The bottom line is that your AI client becomes a direct control panel for Forefront's entire suite of language model tools.

1. Subscribe to this MCP on Vinkius and enter your Forefront API Key.
2. Your agent uses the established connection to either generate text or start a new data collection pipeline.
3. You get access to model outputs, fine-tuning job status, and structured data samples for immediate use.

## Frequently Asked Questions

**How do I start tracking model outputs with the Forefront MCP?**
You begin by calling `create_pipeline` to set up a new pipeline.
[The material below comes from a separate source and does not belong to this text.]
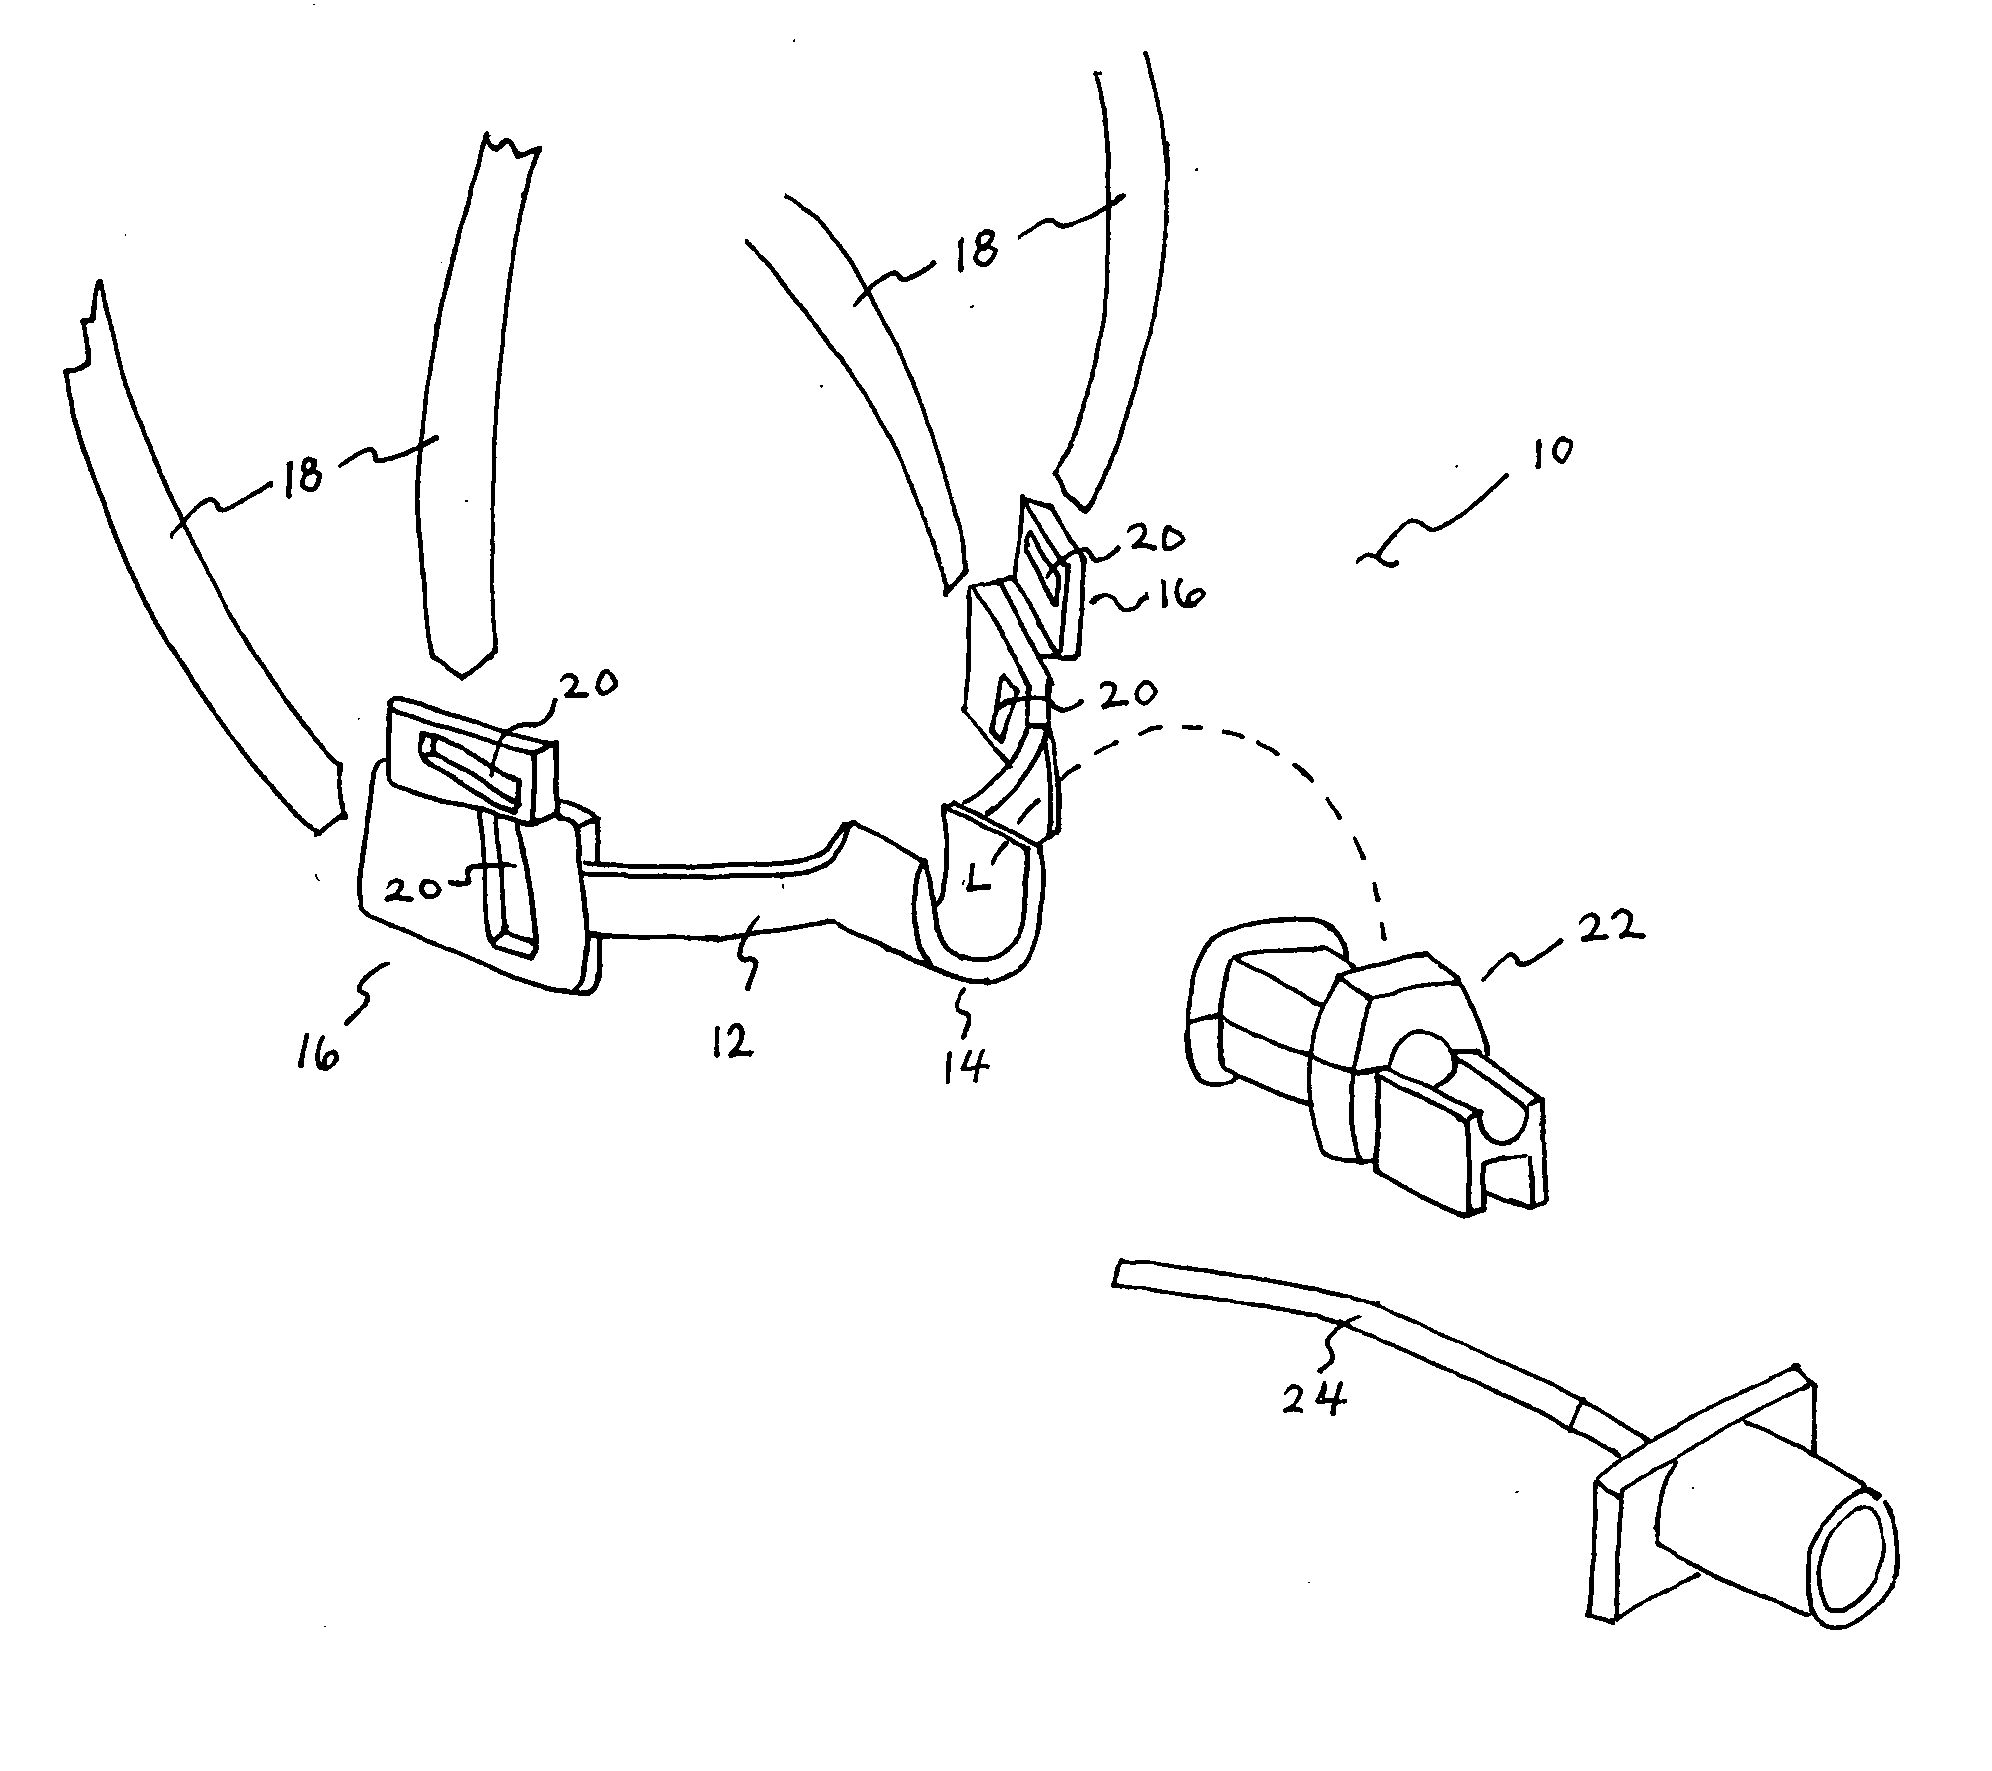 Endotracheal tube holder with an adjacent feeding tube holder for neo-natal use

Once created, you can use `get_pipeline_count` to confirm its existence and then run tests that funnel data into it.

**Is the Forefront MCP better than using my own API keys directly?**
Yes. This MCP centralizes access, allowing your agent to manage not just simple generation but also complex workflows like fine-tuning and pipeline management—all through a single connection.

**What is the difference between `create_completion` and `create_chat_completion`?**
`create_completion` handles a single prompt string, which is great for simple tasks. Use `create_chat_completion` when you need to model multi-turn conversations because it accepts a full history of messages.

**Can I train my own custom LLM using the Forefront MCP?**
Absolutely. You use the `create_fine_tune` tool. This lets you upload your specific datasets and initiate training jobs on base models to create a specialized, proprietary model.

**What if I need data from an existing pipeline?**
You can retrieve that information using `get_pipeline_samples` or check the overall details with `get_pipeline(id)`. You’ll also have `create_pipeline_dataset` to turn those samples into a ready-to-use dataset.